In journeys like these, as the miles, sunrises and sunsets roll by, a transformation takes place. The outside world slips away and you live in the here and now. Fellow runners aren’t competitors but become part of your tribe, all moving forward as a cohesive force, to some distant finish line that you have to believe actually exists.

Don Freeman, also a Triple Crown finisher, awash in the warming rays of the sun atop the first climb of the Moab 240.

My friend Dennis Williams summed it up perfectly when I caught up to him near the finish of the 2017 Tahoe 200 while I was shooting photos: “You move until you transcend. Until you realize that you are actually the consciousness of the mountains objectively experiencing themselves. You see the sole purpose of your existence is for the mountains to witness themselves.”

At mile 155, Elk Peak is one of the features runners both love and hate during the Bigfoot 200. Much of your perspective comes from whether it is day or night. Summit during the day and you are rewarded with views of mounts Rainier, Adams and Hood. Arrive at night, and you only notice the horribly steep and sandy grade that pummels both the quads and feet on the descent. Phil Nimmo hit the jackpot, taking it all in during the evening light.

Once you are in that uncharted territory, deep in the second half, the loneliness, physical discomfort and sleep deprivation begin to take their toll.

James Delorme has that glow after finishing the Moab 200 in a time of 99:29:04.

In my 2016 Tahoe 200 race, somewhere around 170 miles is where my perfect storm hit. With still another five miles remaining to the aid station, I struggled to move forward. I knew the trail well, but everything looked the same as if I were on a treadmill going nowhere.

I began to think of another friend Stephen Jones, a frequent runner of 200-mile races who had passed away in an avalanche the year before. I burst into tears and forced myself to move forward as if he were next to me, spurring me on. I kept saying to myself out loud, “Just put one foot in front of the other and you will get to the aid station. Just one foot in front of the other …”

It’s when we are in our darkest moments that we search for some ray of hope. Katie Graff was searching for strength at the Bridger Jack aid station in the back of coach Jason Koop’s truck at the Moab 240. Sometimes you find it in the beauty around you; other times you find it when seeing familiar faces on the trail. Katie found that strength in spades, as she went on to complete all three races of the Triple Crown of 200s.
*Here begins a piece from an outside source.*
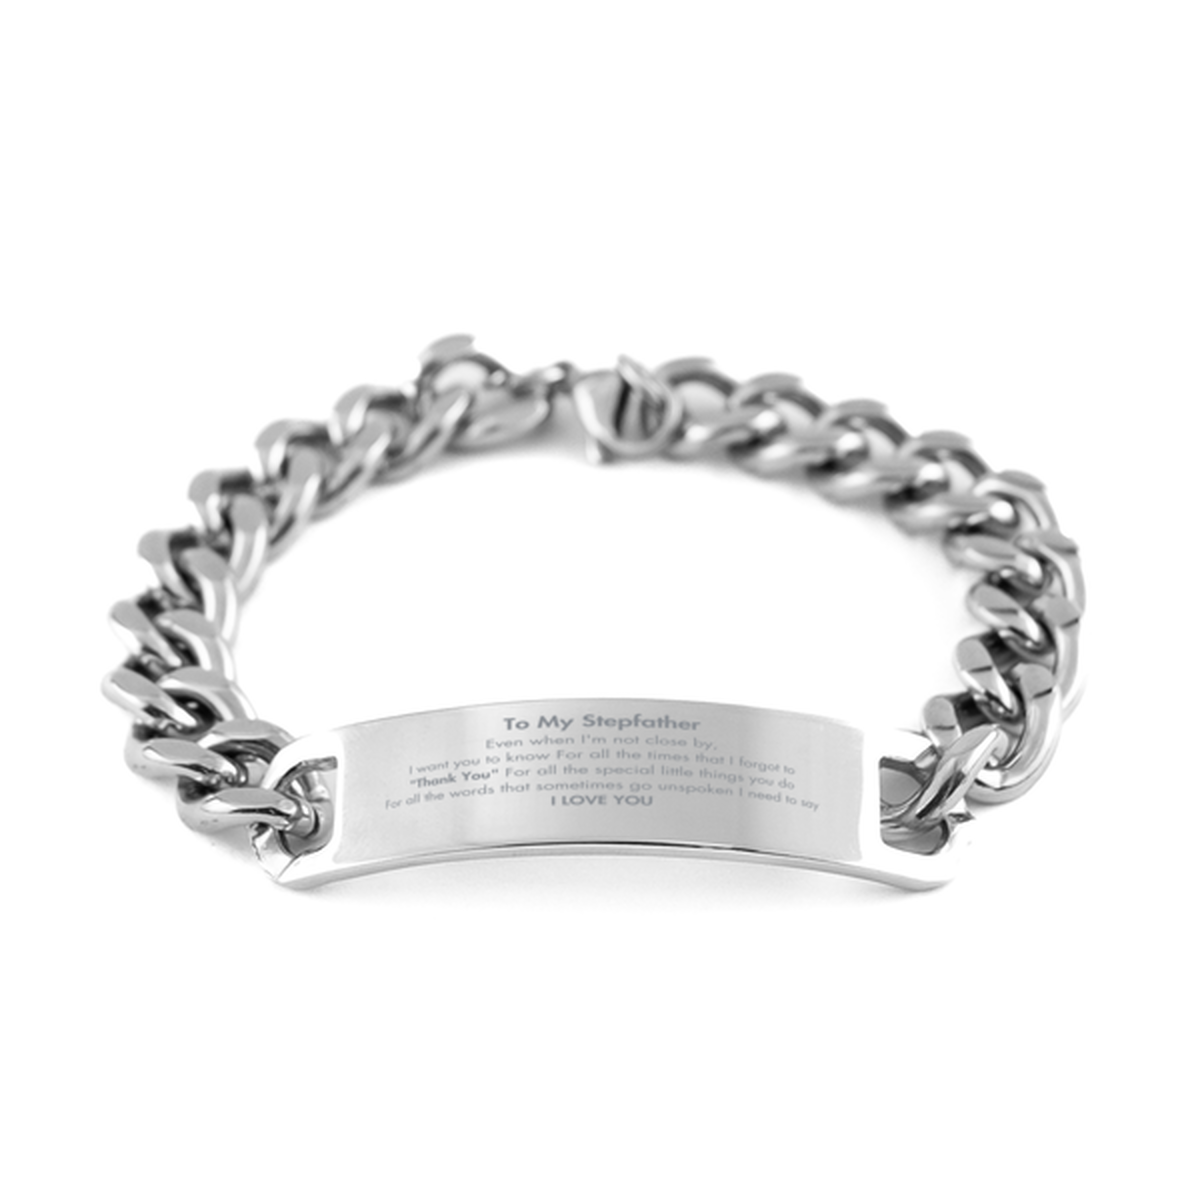 Thank You Gifts for Stepfather, Keepsake Cuban Chain Stainless Steel Bracelet Gifts for Stepfather Birthday Mother's day Father's Day Stepfather For all the words That sometimes go unspoken I need to say I LOVE YOU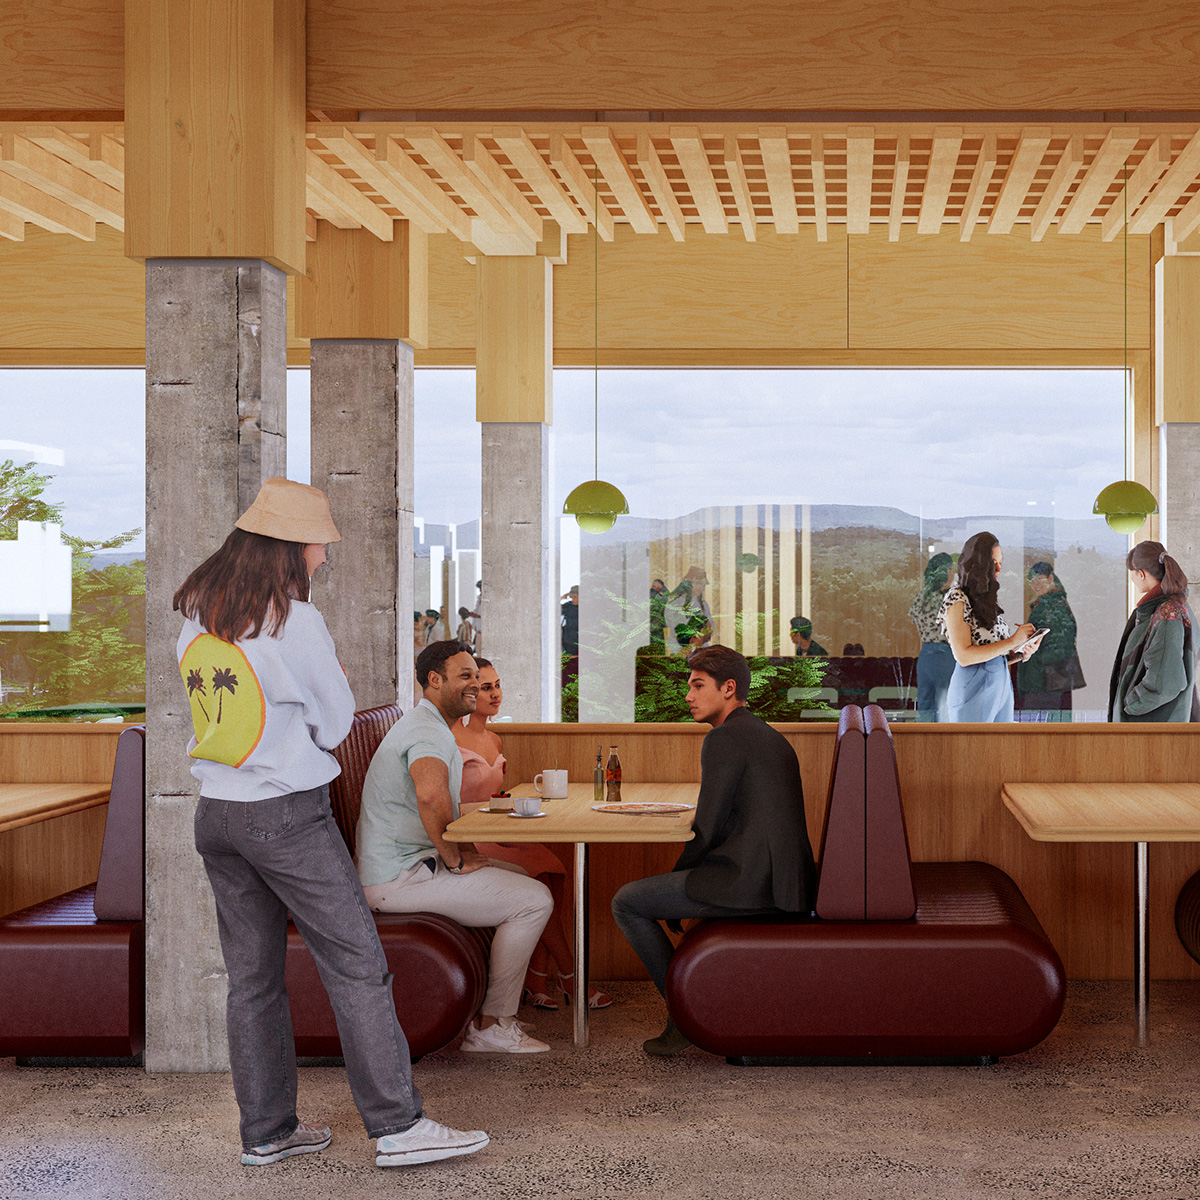 Students eating in a modern dining area with a view towards mountains out a large window in the background

As the final hours of the long drizzly night gave way to dawn there was calm. Just forward movement and contentment. Re-entry had begun. The muscles relaxed, the legs flowed as did the tears of both sadness and joy. The bonds I’d made, the beauty I’d seen, the pain I’d endured …The inward reflection upon my soul. Seeing the finish line wasn’t the end; it was only the beginning.

As Stephen Jones used to say, “We are the lucky ones.”